Free-living, heterotrophic protozoa have an important ecological role in most terrestrial ecosystems by their grazing of bacteria as one of the first links in food chains and webs. Furthermore, some of them serve as reservoirs for disease-causing bacteria and /or as occasional opportunistic pathogens themselves. Protozoa is a morphological group which occurs in many different eukaryotic phyla, and many apparently morphologically similar types are very different from each others genetically. This complicates the development of good primers for analysis of their diversity with modern DNA based methods. Compared to other microorganisms such as fungi, algae and bacteria, much less is known about protozoa. It has been an essential element of this thesis to to advance our knowledge of protozoa by developing new primers for DNA-based studies of protozoa impact on ecosystems or as indicators of environmental conditions.

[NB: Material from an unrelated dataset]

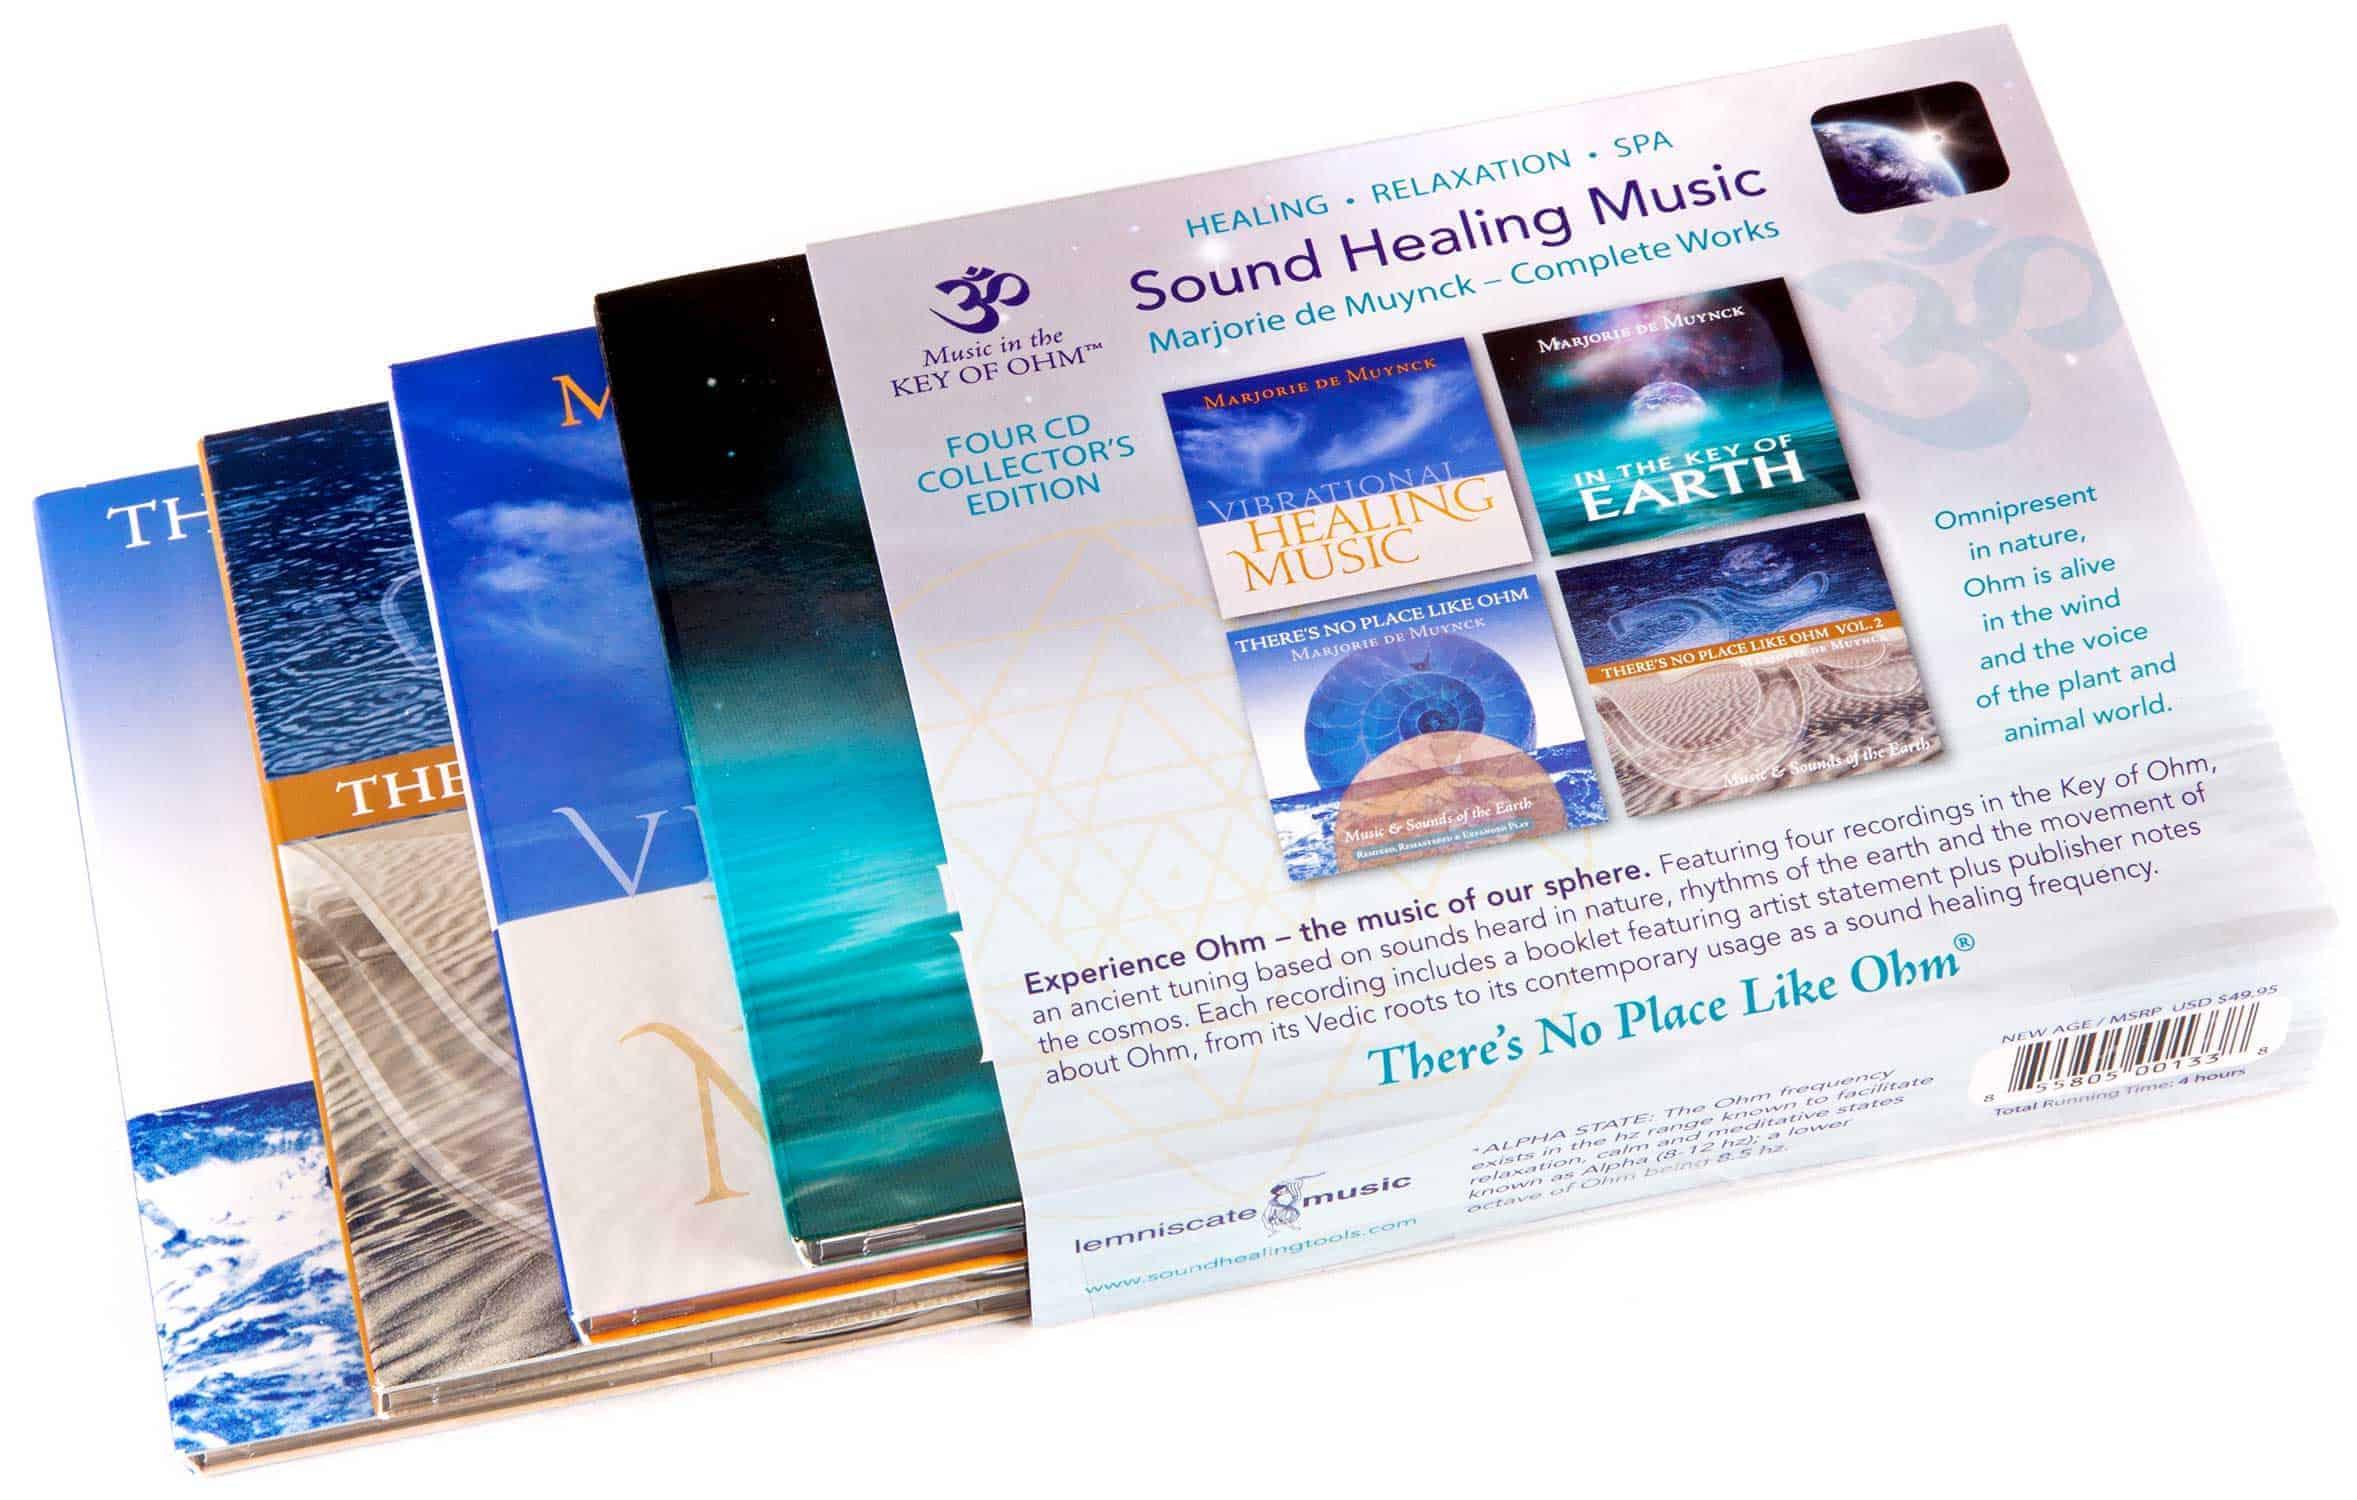 sound healing music 4-CD Set

The ribosomal 18S region is the only marker that is sufficiently well known in a broad range of eukaryotic microorganisms to be widely applicable in protozoa, and this defined the frame for the work. Pyrosequencing of environmental DNA from environmental DNA has revolutionised microbiology, as it enables the exploration and description of diversity (also the one that is not cultivable) on a hitherto unprecedented scale. In the bacterial microbiogy the technique is standardized and well established, and this was used in a study of bacterial diversity in sand filters at 11 Danish carefully selected waterworks (Article IV), where the bacterial metabolic diversity and its important for water purification was described.

Building on this, the most important part of the thesis consists of two pyrosequencing analyses of protozoa with newly developed 18S primers. One specifically targets Cercozoa, a particularly abundant phylum of protozoa (Article III), on heath land that had been subjected to prolonged artificially induced drought in a Danish free-air climate-manipulation experiment (CLIMAITE). Article III showed that the testate cercozoan forms responded negatively to prolonged drought, and that on just on this one biotope, an unknown diversity of cercozoans is present, far exceeding the number of described cercozoan species.

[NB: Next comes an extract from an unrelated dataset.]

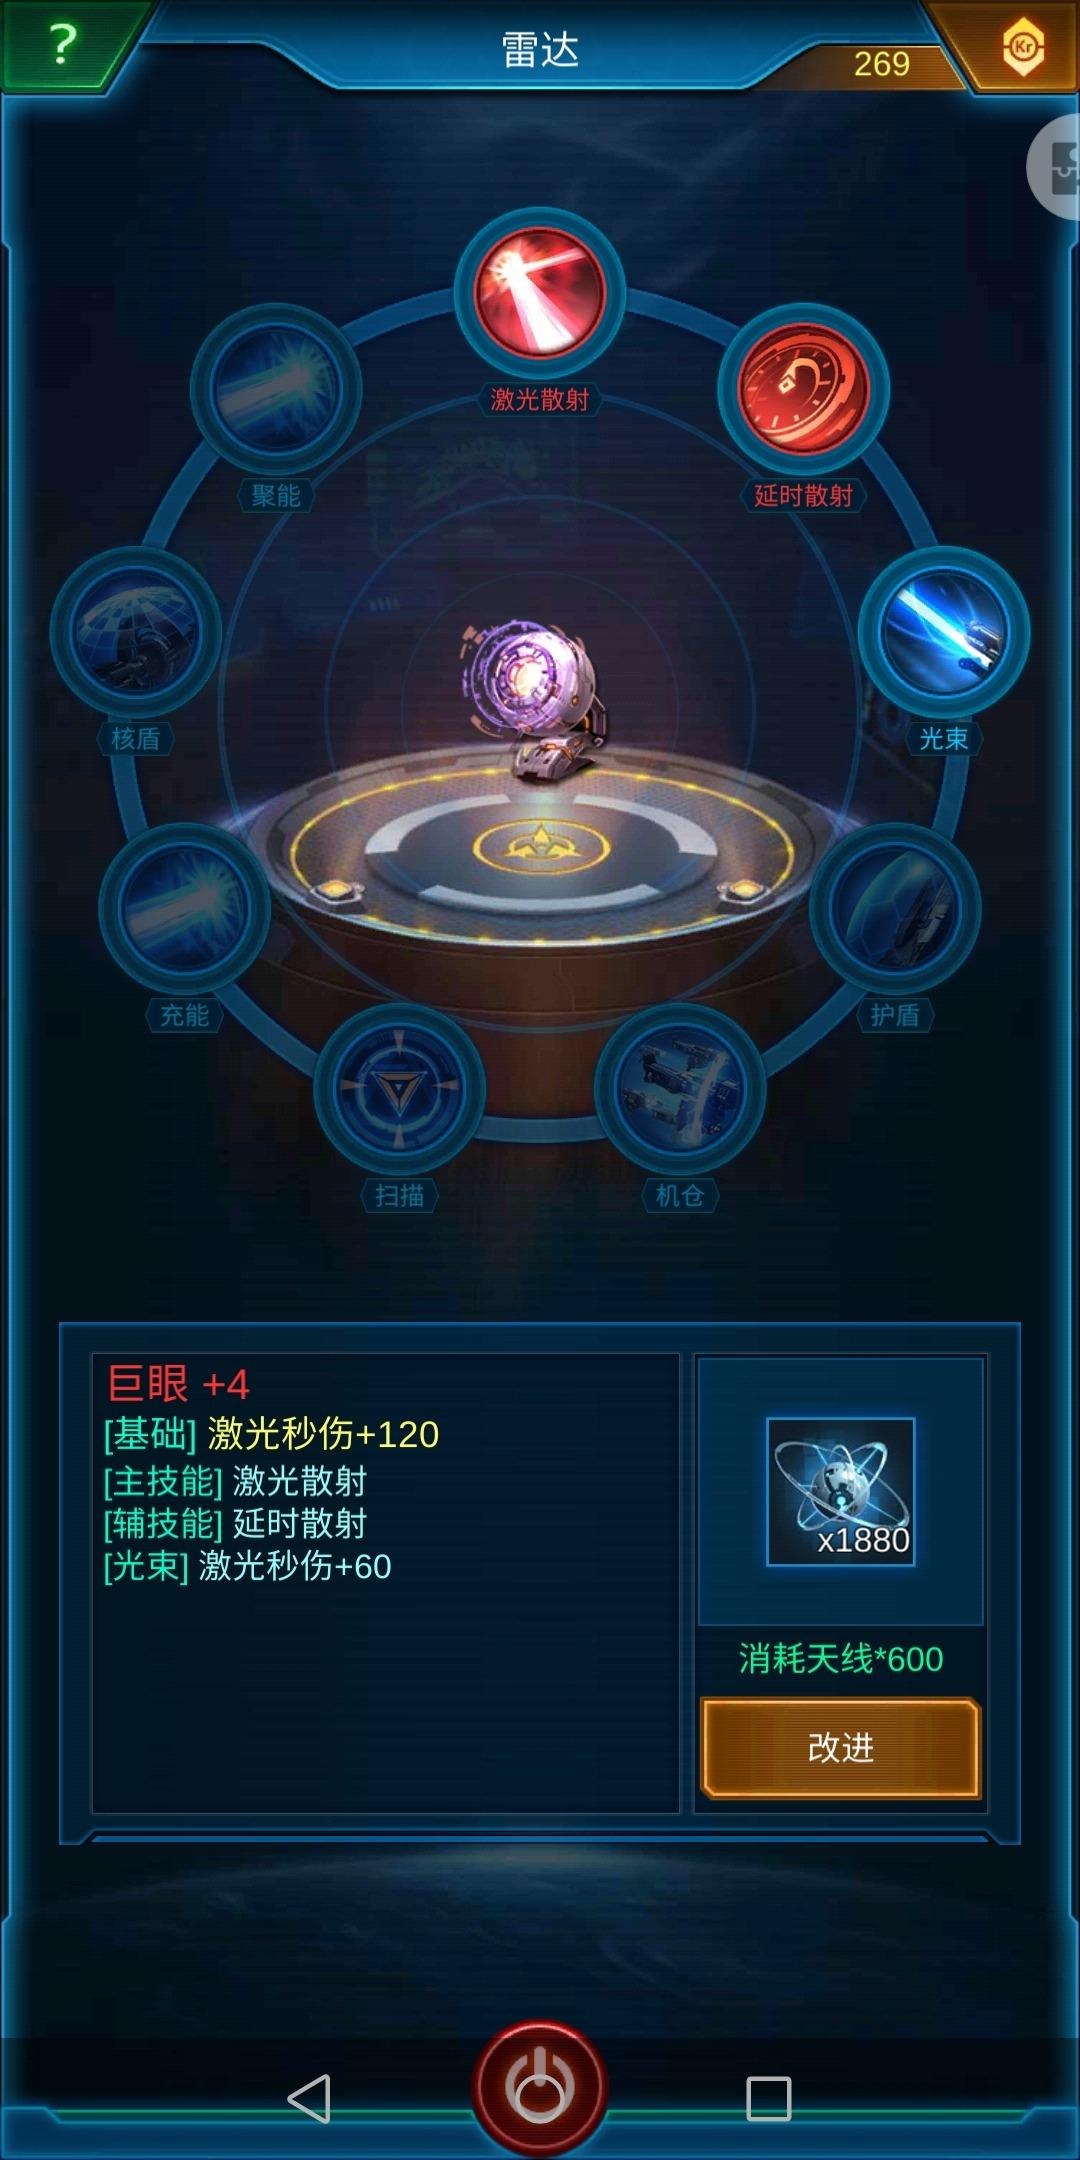 Screenshot_20200303_102706_com.jedigames.p16s.huawei.jpg

The other applied general eukaryotic 18S primers on the aforementioned 11 waterworks (Article V). Their eukaryotic community was dominated by protozoa, and when we compared it to the bacterial dataset from Article IV, we found that unlike the bacterial community composition, the eukaryotic community composition was not primarily driven by ecological conditions, but by geographical distances.

Pyrosequencing analyses are highly dependent on existing DNA libraries that can be used to identify the thousands of DNA sequences, and Article II contributes to this by a morphological and phylogenetic characterization and naming of two new genera of flagellates found in Danish soil. The fact that it is possible to find two unknown and genetically divergent lineages in a few grams of soil from a well-studied country is an illustration of the limited knowledge of the microbial diversity.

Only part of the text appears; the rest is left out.